Champaign man convicted of being armed habitual criminal

Chicago
By Chicago 5 Min Read

URBANA — A Champaign County jury took less than an hour Wednesday to convict a Champaign man of being an armed drug dealer.

Jermaine Johnson, 32, who last lived in the 900 block of Oakcrest Drive, faces up to 30 years in prison when Judge Roger Webber sentences him on Nov. 30 for being an armed habitual criminal and for possession with intent to deliver cocaine.

Both charges stemmed from his arrest Feb. 1, 2020, in a vehicle that a Champaign police officer stopped about 10:45 p.m. because it had run a stop sign at the intersection of Centennial and Sangamon drives.

Then-Champaign police Officer James Hobson, now a state trooper, testified Tuesday that despite putting on his lights to effect a stop, the driver of the Dodge Durango kept going for a few blocks before eventually stopping in the 2900 block of Maplewood Drive.

Hobson said that even as he followed the Durango, and as he approached it when it stopped, he smelled the strong odor of cannabis coming from it and decided he would search the vehicle. Finding five people in it, he called for more officers to help him. Johnson was alone in the middle row of the vehicle. There were two people in front of him and two behind him.

Hobson said he was searching Johnson when Sgt. Justin Prosser found a loaded revolver on the floor behind the front passenger seat to the right of where Johnson had been sitting.

In Johnson’s pockets, Hobson found two plastic bags that contained white powder, a wad of cash, two cellphones and empty plastic bags.

A former member of the Champaign County Street Crimes Task Force, Hobson said it is common for drug dealers to carry two phones — one for personal use and a second burner phone to communicate with customers — and to have plastic bags on them. Johnson did not have any paraphernalia on him to smoke or ingest the cocaine, the officer testified.

Later testimony from an Illinois State Crime lab analyst was that one of the bags contained about 3.7 grams of cocaine while the other contained a powder that did not contain a controlled substance.
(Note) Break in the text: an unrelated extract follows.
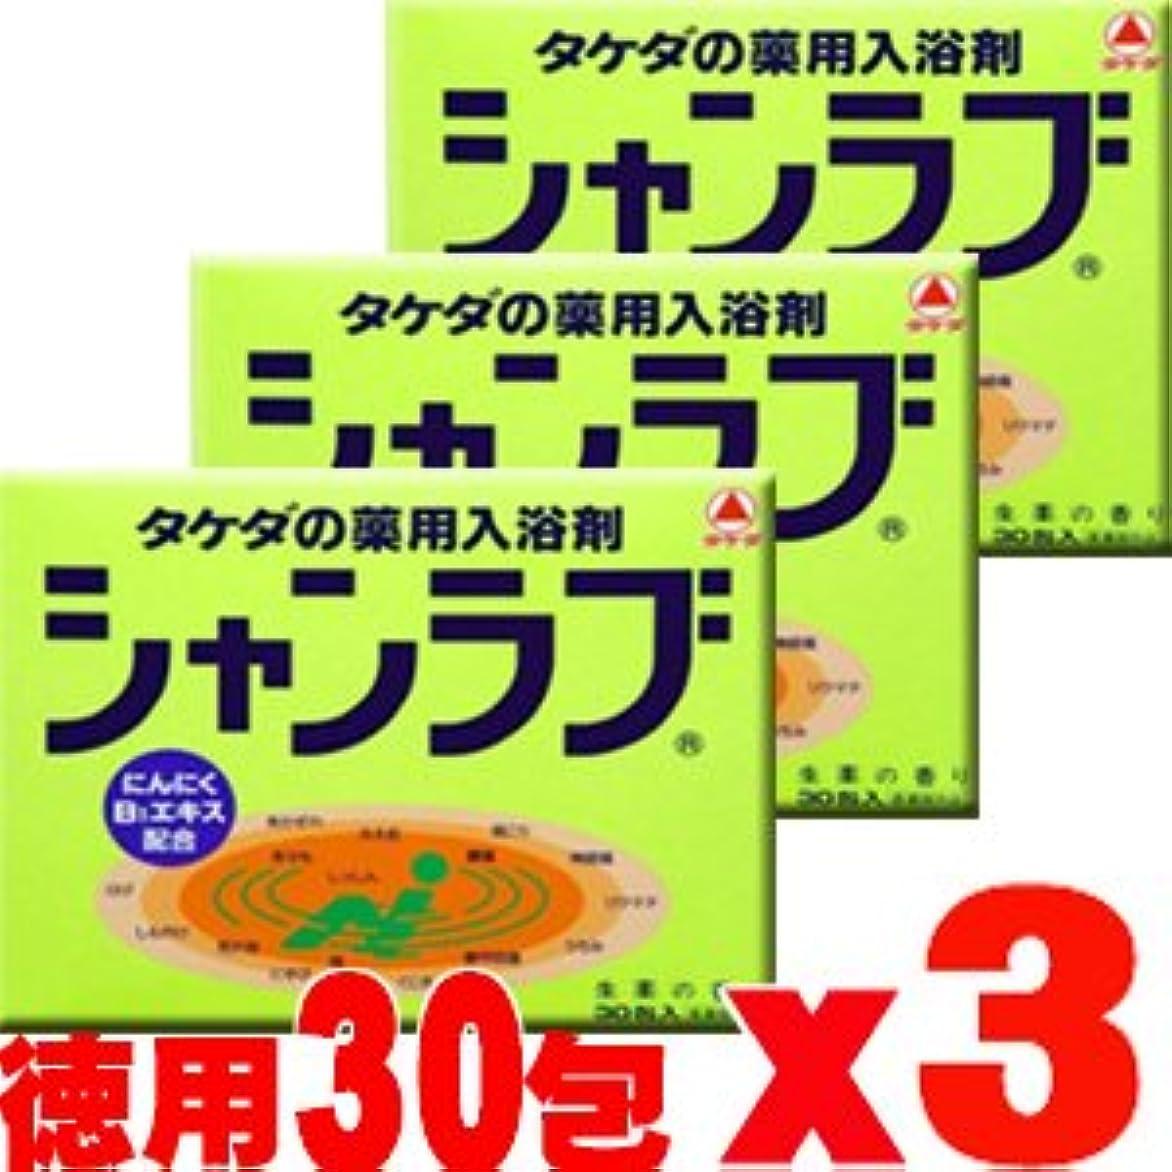 慈悲深い正直乗り出す【3個】 シャンラブ 生薬の香り (30g×30包)x3個 (4987123129640)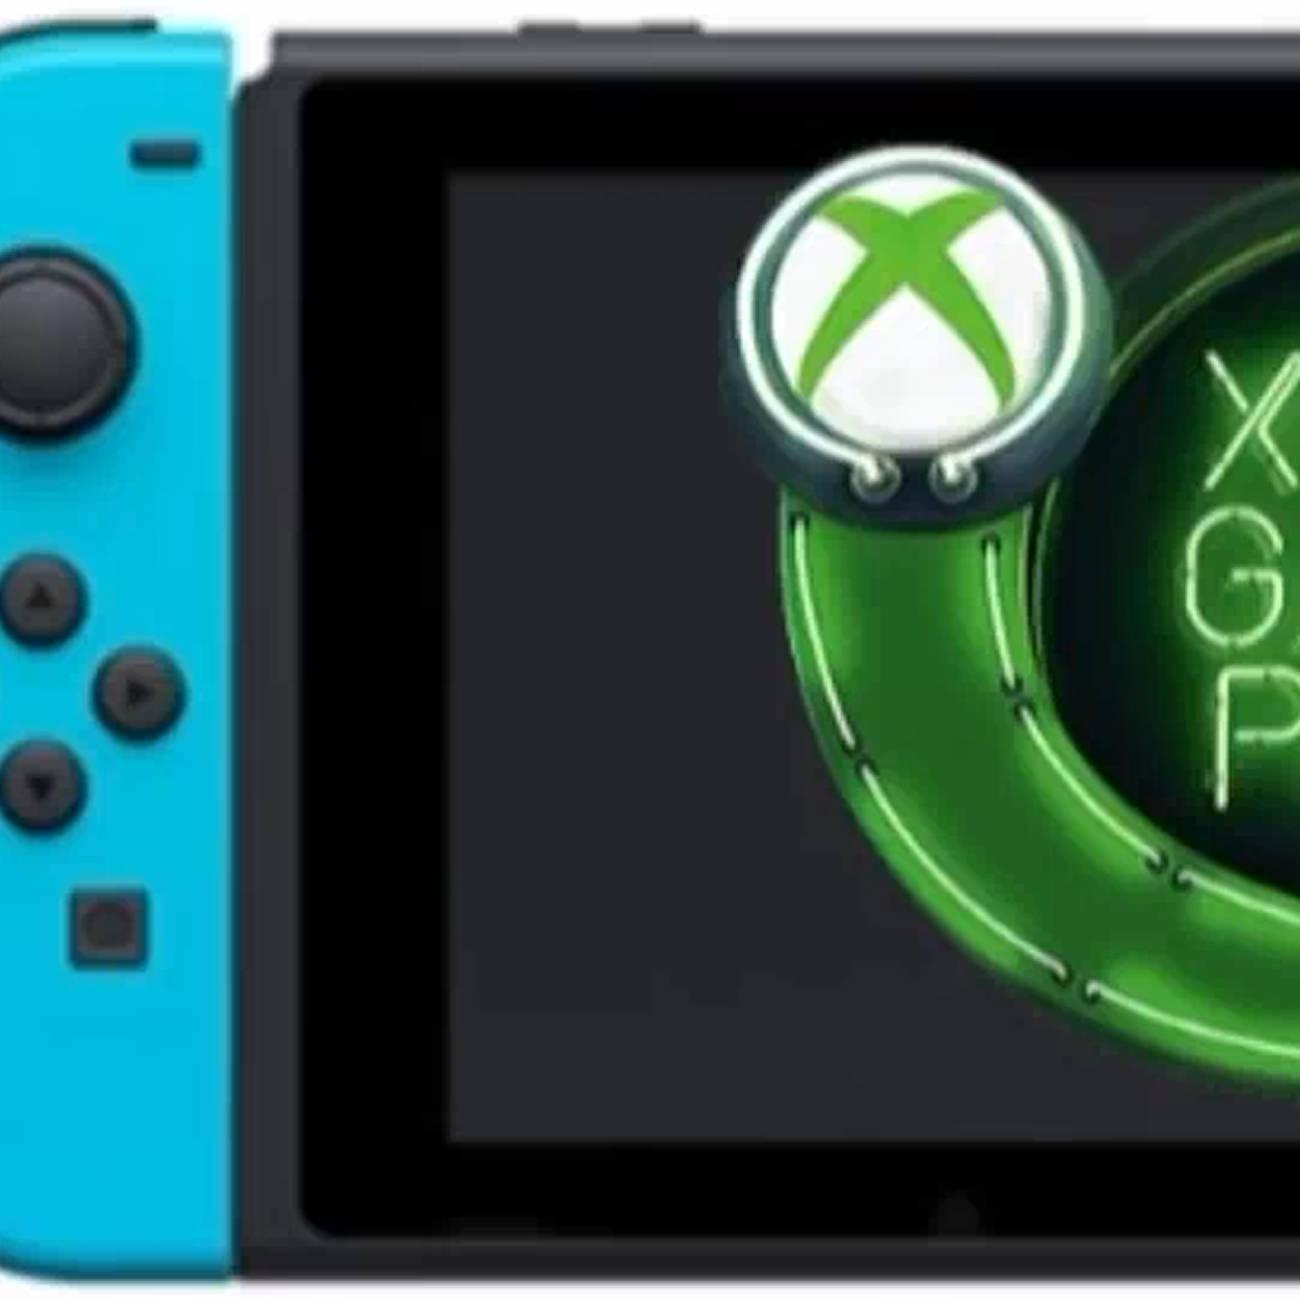 ニンテンドースイッチ、Xbox Oneゲームを遊べる凄い計画

Hobson said he swabbed the gun for DNA and took DNA samples for comparison from each of the people in the Durango. Another state crime lab analyst concluded that the major contributor to DNA found on the gun handle was Johnson, while the other four people were not contributors.

“There’s no way that’s not his gun,” argued Assistant State’s Attorney Scott Larson, pointing to the DNA analyst’s conclusion that the chances were 1 in 1 nonillion (a one followed by 30 zeros) that the DNA came from someone other than Johnson.

Johnson admitted to Hobson that he was eating the cannabis the officer smelled to get rid of it when he realized the officer was behind them and that the white powder in his pocket was cocaine. But he denied knowledge of the gun, giving what Larson called “defensive answers” about the weapon.

“He possesses a gun because he’s in the business of selling drugs. It’s inherently dangerous. This is a fully loaded gun, ready to go,” said Larson.

Larson said the empty plastic bags, the two cellphones, the lack of drug paraphernalia, the cocaine in one bag and the cutting agent in another, and the wad of cash were overwhelming evidence.

“It all points in one direction: Dealer,” said Larson.

Johnson’s attorney, Scott Lerner of Champaign, argued that his client merely possessed the cocaine for his own use and had no intention of selling it. He also tried to argue that Johnson’s skin cells could have shed onto the gun, accounting for the presence of his DNA.

Johnson has a second unresolved case in which he’s accused of being an armed habitual criminal in May 2021. Larson said he expects to present evidence of that at Johnson’s sentencing.